For patients who have diabetes, that means paying for several prescriptions and blood sugar test strips out of their own pockets, Cebul said. So some patients ration their medications or stop buying supplies.

The loss of a job also can disrupt health care. Some doctors don’t accept uninsured patients, so when patients lose coverage, they must find new doctors. This also disrupts medical information about the patients, Cebul said.

All of the disruption can lead to poor medical outcomes, especially for patients who have chronic diseases, said Cebul, who expects the loss of medical insurance — and jobs — to continue. “That’s the canary in the coal mine,” he said. “So we’re going to see more of that as time goes on. This is happening everywhere. It’s not just Cleveland.”

A so-called public health plan option – a proposed insurance plan sponsored by the federal government — and a mandate that people get insurance would increase the likelihood of patients staying with their doctors and having coverage to pay for medication and tests, Cebul said.

“And of course, if you look at the data in terms of how our patients are doing, the uninsured do worse and they improve less” than patients who have insurance, he said.

For three years, the folks at Better Health Greater Cleveland have gathering data on treatment and outcomes of diabetic patients from medical practices in Northeast Ohio, including those at MetroHealth, Care Alliance,  University Hospitals Family Medicine, Cleveland Clinic and the Louis Stokes Cleveland VA Medical Center.

The Greater Cleveland effort is part of the national Aligning Forces for Quality program, the signature program of the Robert Wood Johnson Foundation.

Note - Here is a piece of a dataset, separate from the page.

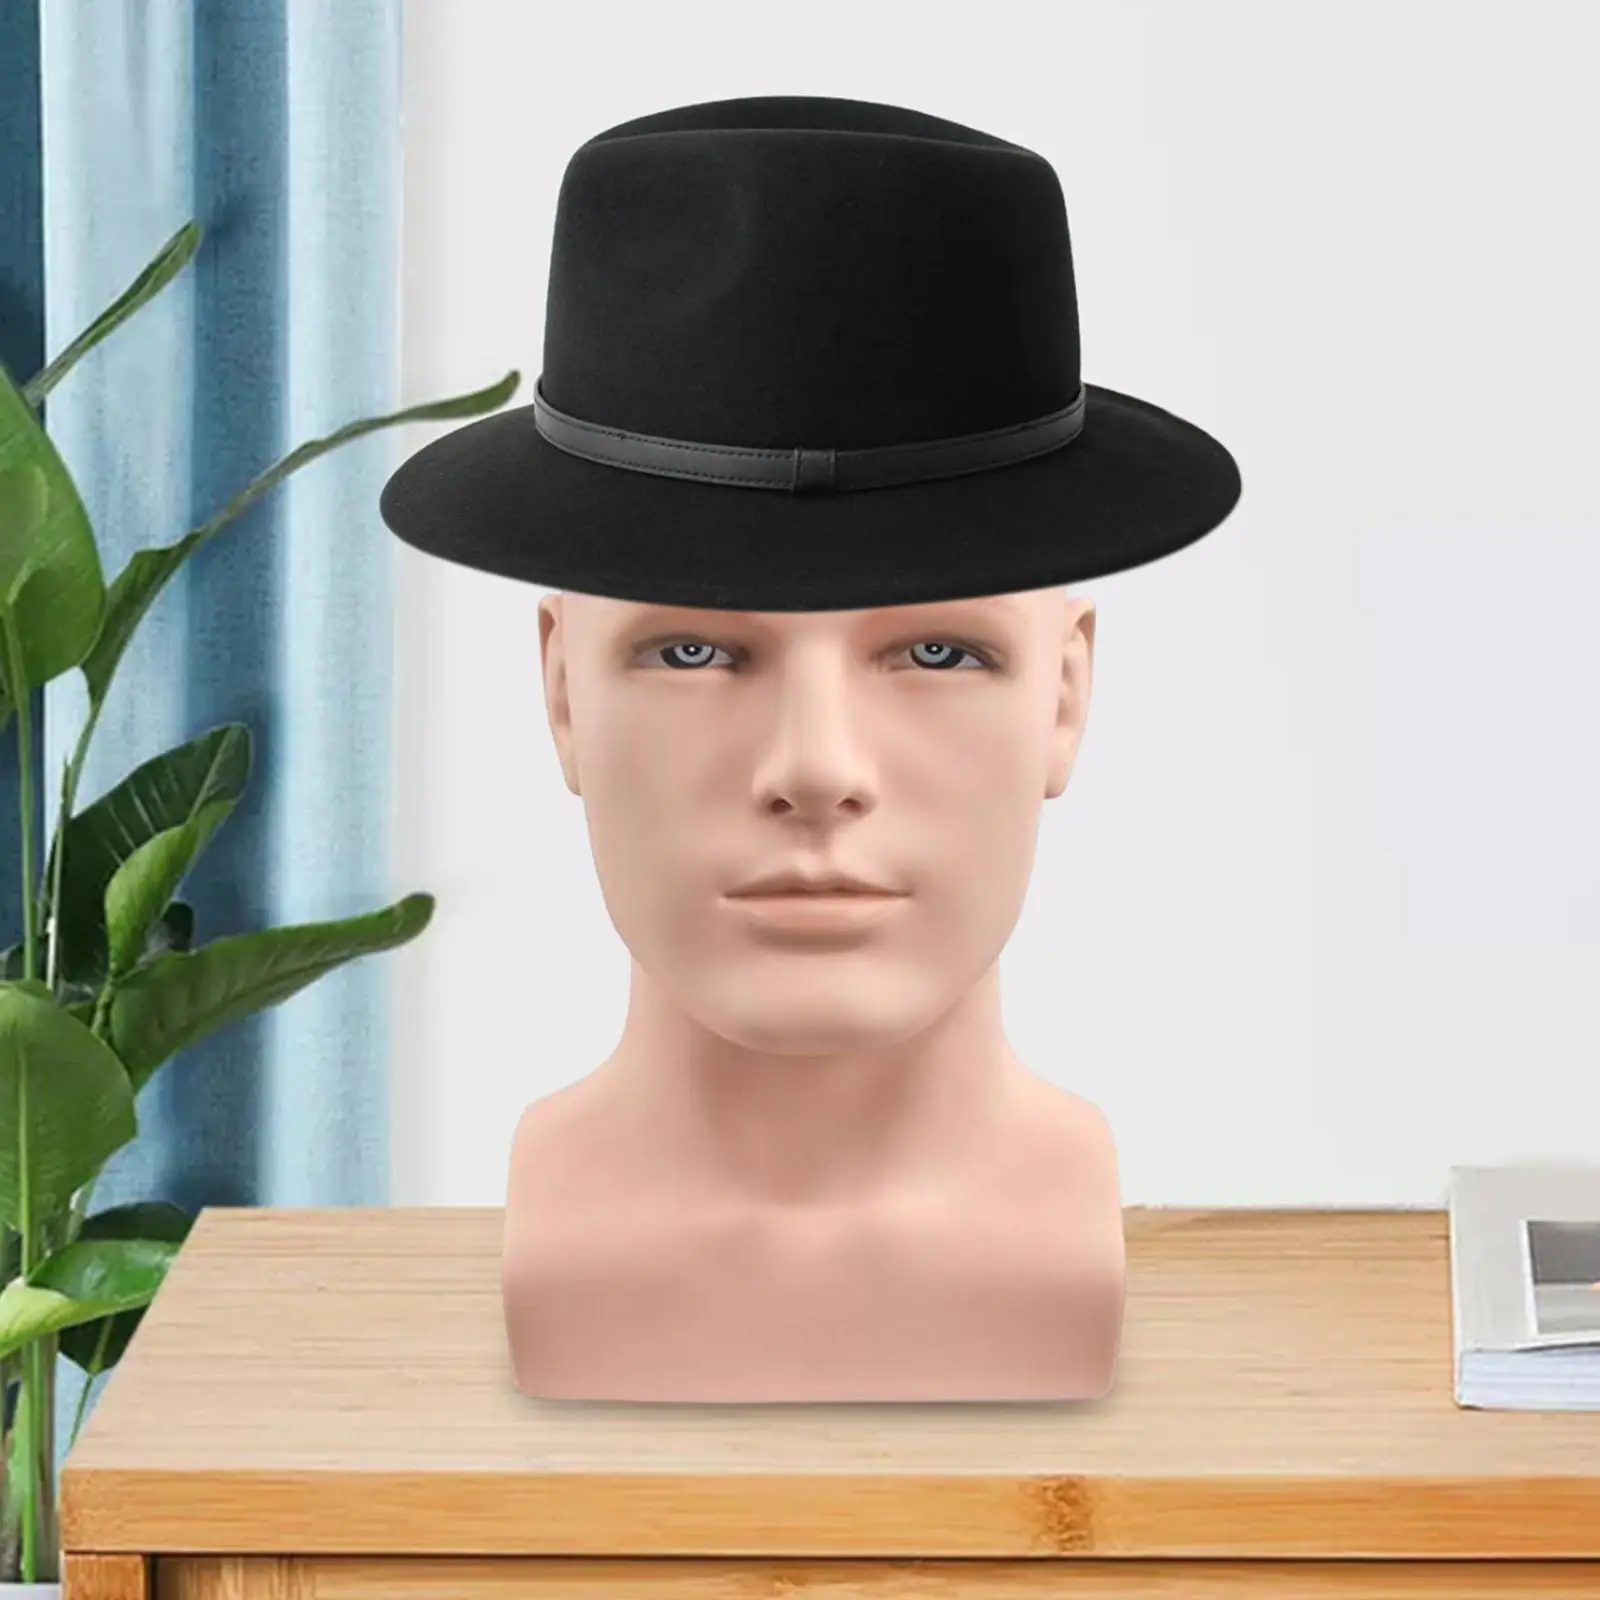 Man Mannequin Head Manikin Head Model Head Bust for Hat Headphone Necklace Chain

The Cleveland group is at the cutting edge of providing such data because of the widespread use of electronic health records by partner institutions, said Minna Jung, senior communications officer for the foundation. The data is helping doctors figure out how best to treat diabetes — and eventually other chronic diseases.

A lot of what the foundation is doing under its Aligning Forces for Quality program fits squarely with the nation’s health care reform debate, Jung said. The foundation’s data could help correct what’s wrong with the nation’s health care system and lead to the best care for patients at the lowest prices, she said.

Other findings of the Better Health Greater Cleveland report:

  • Partner medical practices achieve above-national-average scores on standards for diabetes care as established by the National Committee for Quality Assurance. These scores are rising.
  • Patients who lack insurance or are covered by Medicaid — the federal health insurance for the poor — or those who are racial minorities, poor or less-educated have worse medical outcomes.
  • Evidence-based “best practices” can drive improvements in medical care and outcomes.
  • Challenges, such as high obesity rates, are complicating measurement and improvement of care quality.